THE CONVERSATION around babymaking is high stakes. Not the conversation around the act of making babies, but about the ethics. When we move from talking about gettin' it on to whether it's actually a good idea to procreate, suddenly the (metaphorical) room gets very quiet.

Two weeks ago, I wrote a cover story about young people who had decided to never have children and were sterilized in their 20s ["We Have Enough Humans, Thanks," Feature, Nov 10], and it got a bigger response than I thought it would. I know people feel strongly about their own decision to have or not have children, but seeing the wave of feedback about how someone else's decision to have kids is either right or wrong surprised me.

I feel like I'm in a relatively small group of people in the gray area.
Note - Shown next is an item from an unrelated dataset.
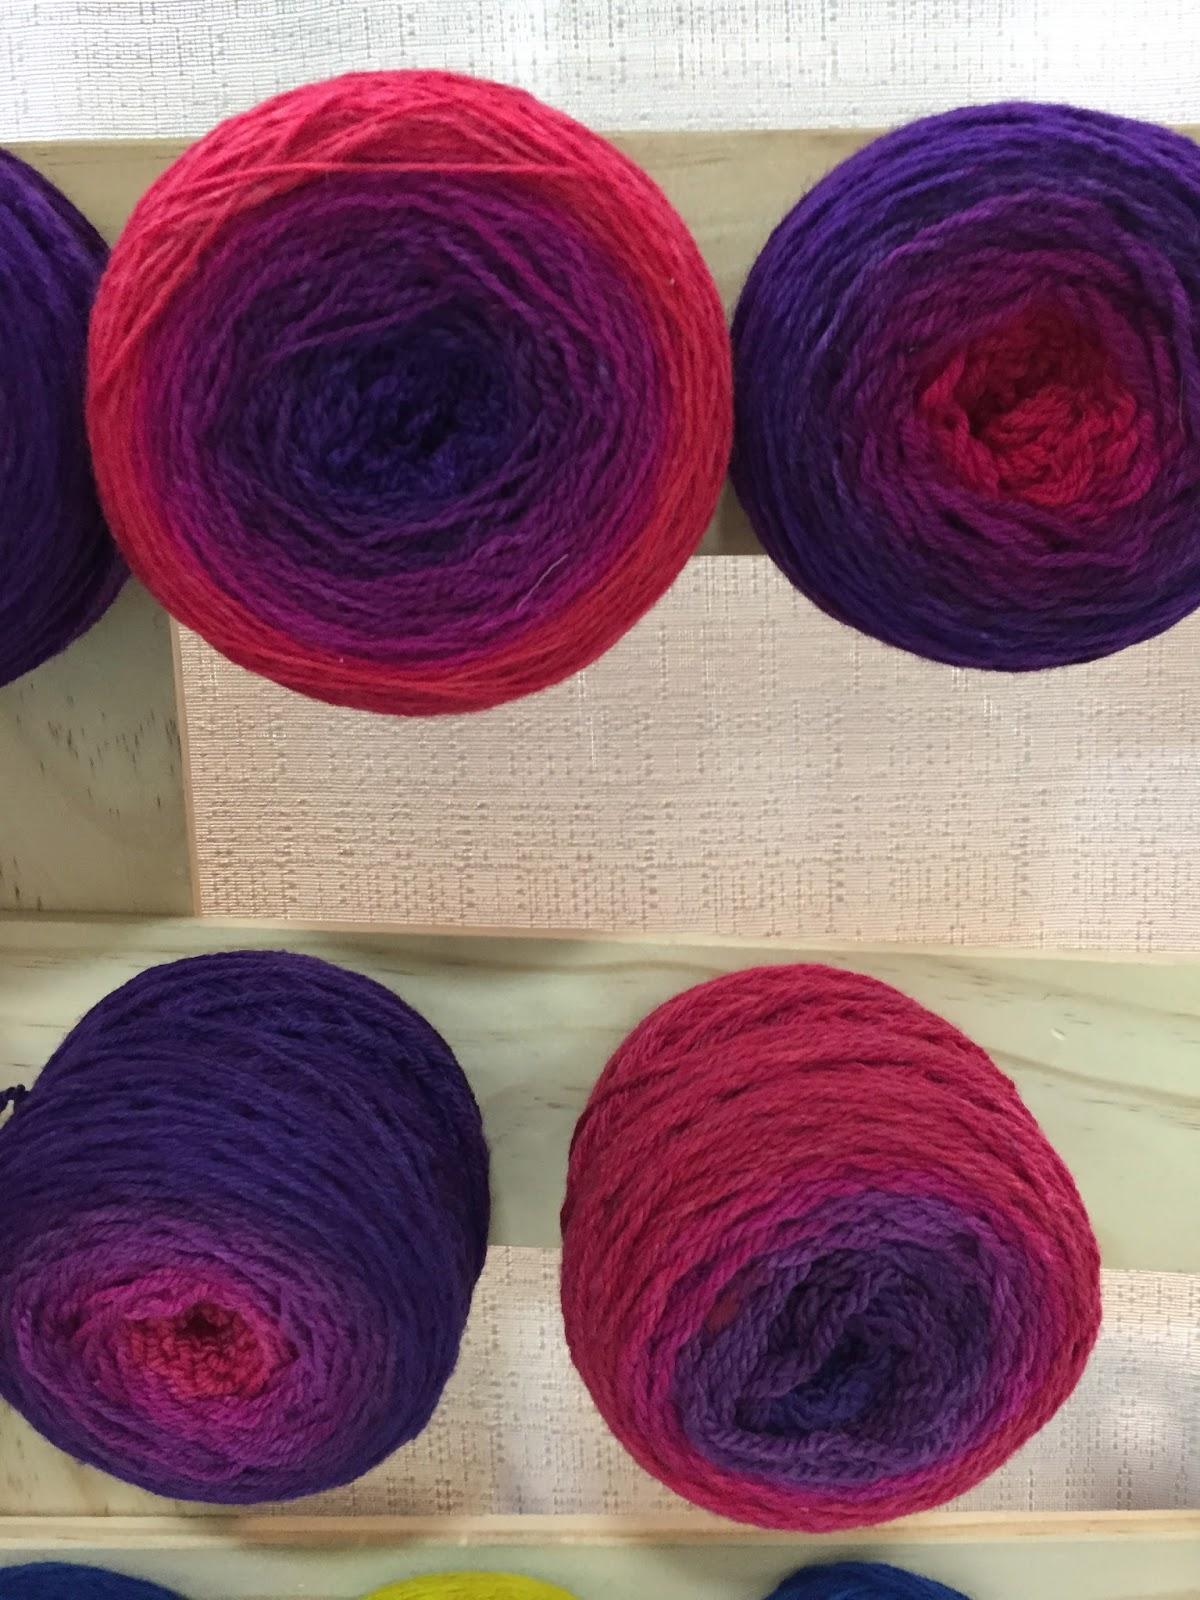 A Really Good Yarn: Yarn Shopping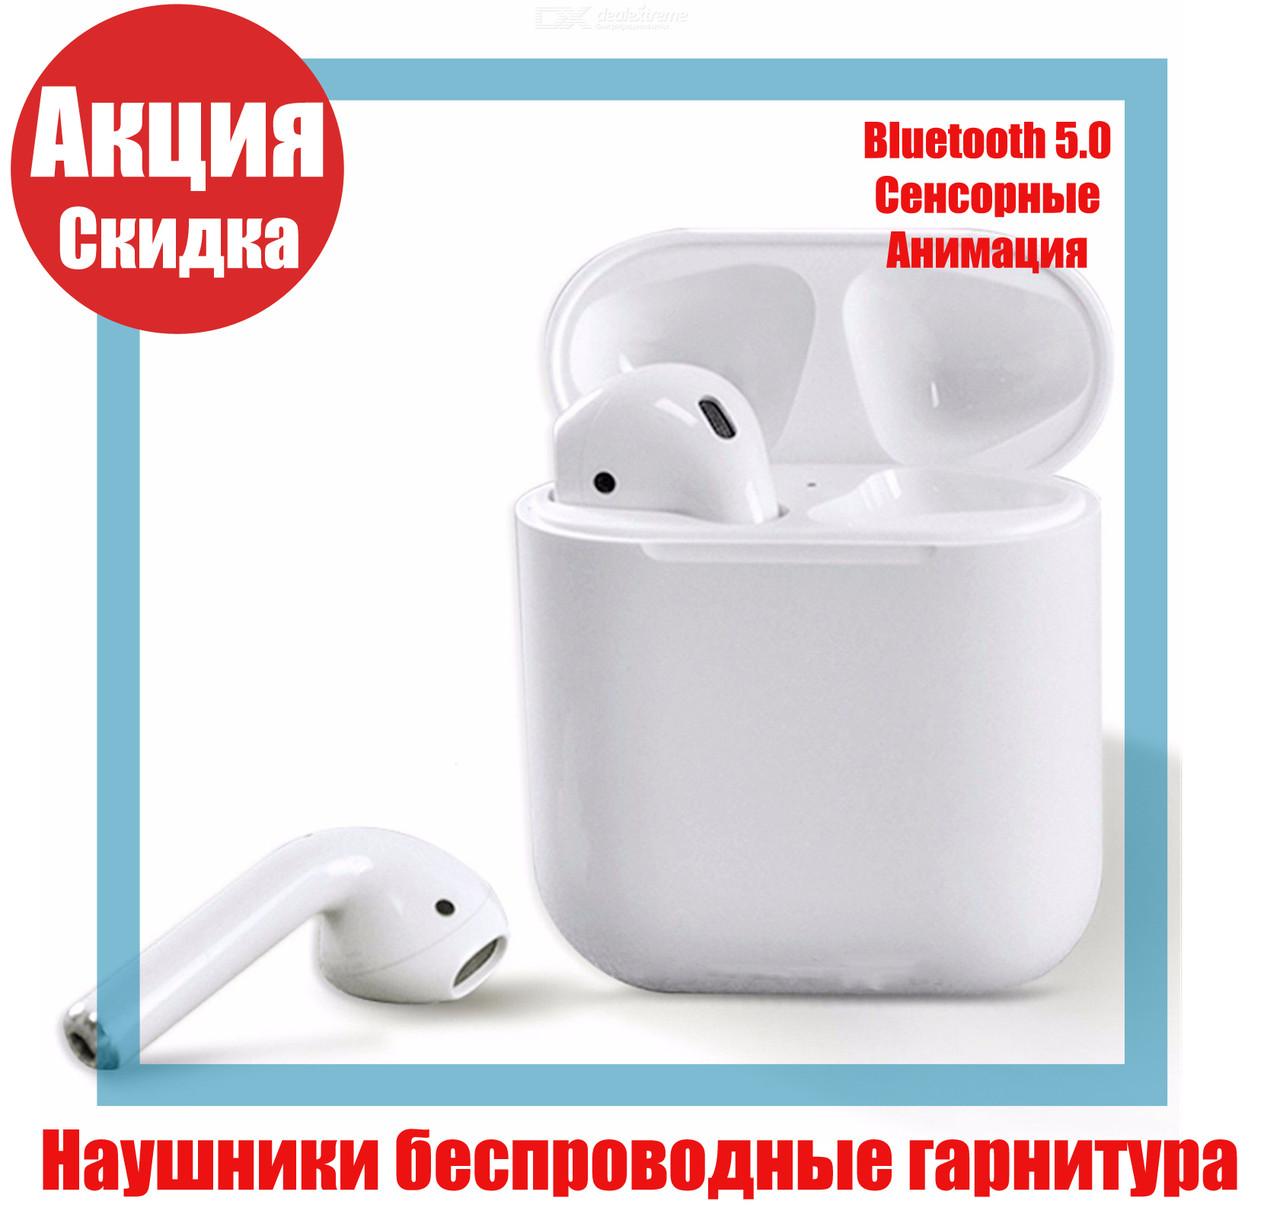 Наушники TWS MINI ОРИГИНАЛ беспроводные Bluetooth с кейсом Power Bank QualitiReplica

I know I don't want kids within the next 10 years... but never? Yikes. I don't even have any tattoos or piercings. So getting my tubes tied is a long way off.

Part of what makes my own decision difficult is that mainstream society refuses to discuss the possibility of baby regret. People with kids can complain about losing sleep, losing money, and losing their personal lives, but it's absolutely taboo to utter regret about having kids. Now that we have the technology and the societal freedoms to allow young people to never pop out a kid, my generation is making that life-altering decision in a conversational void. When we can only talk about the positives of bearing children, no wonder people who opt for a childfree life get flak for being weirdos.

That's why I was happy to have a friend show me advice columnist Dear Abby's recent survey of baby regret. According to the venerable, very vanilla advice giver, 22 percent of her readers said they regretted having kids. Though it's not a remotely scientific survey, it's worth noting that there are many, many people out there who regret having kids. A scientific study found that 20 percent of women who were 30 or younger when they were sterilized regretted the decision. Both having kids and getting sterilized are major permanent decisions—but ones we're not allowed to talk about.

I'm not sure how we go about having this conversation, but it would be nice to acknowledge in everyday babymaking discourse that regret goes both ways. It seems that for every woman who regrets getting her tubes tied, there's likely a woman who regrets having a baby.

Sadly, the decisions around having kids also tie into political and class issues. Permanent birth control in the form of sterilization is expensive: Tubal ligation costs at least $2,500. For women who don't have insurance, federal Medicaid covers them during their pregnancy. But it runs out six weeks after they give birth. Because there's a mandated 30-day waiting period before Medicaid patients can get sterilized, Dr. Paula Bednarek, director of the family planning clinic at Oregon Health and Science University, explained to me that many low-income women who want to get their tubes tied after their first pregnancy wind up running out of Medicaid coverage before they can get the surgery.

"It's a daily occurrence. It's a huge, huge problem," says Bednarek. "It's turned into a major barrier for low-income women."

Every baby may be a wee little miracle, certainly. But when are we going to be able to acknowledge that many are also forced on parents by politics?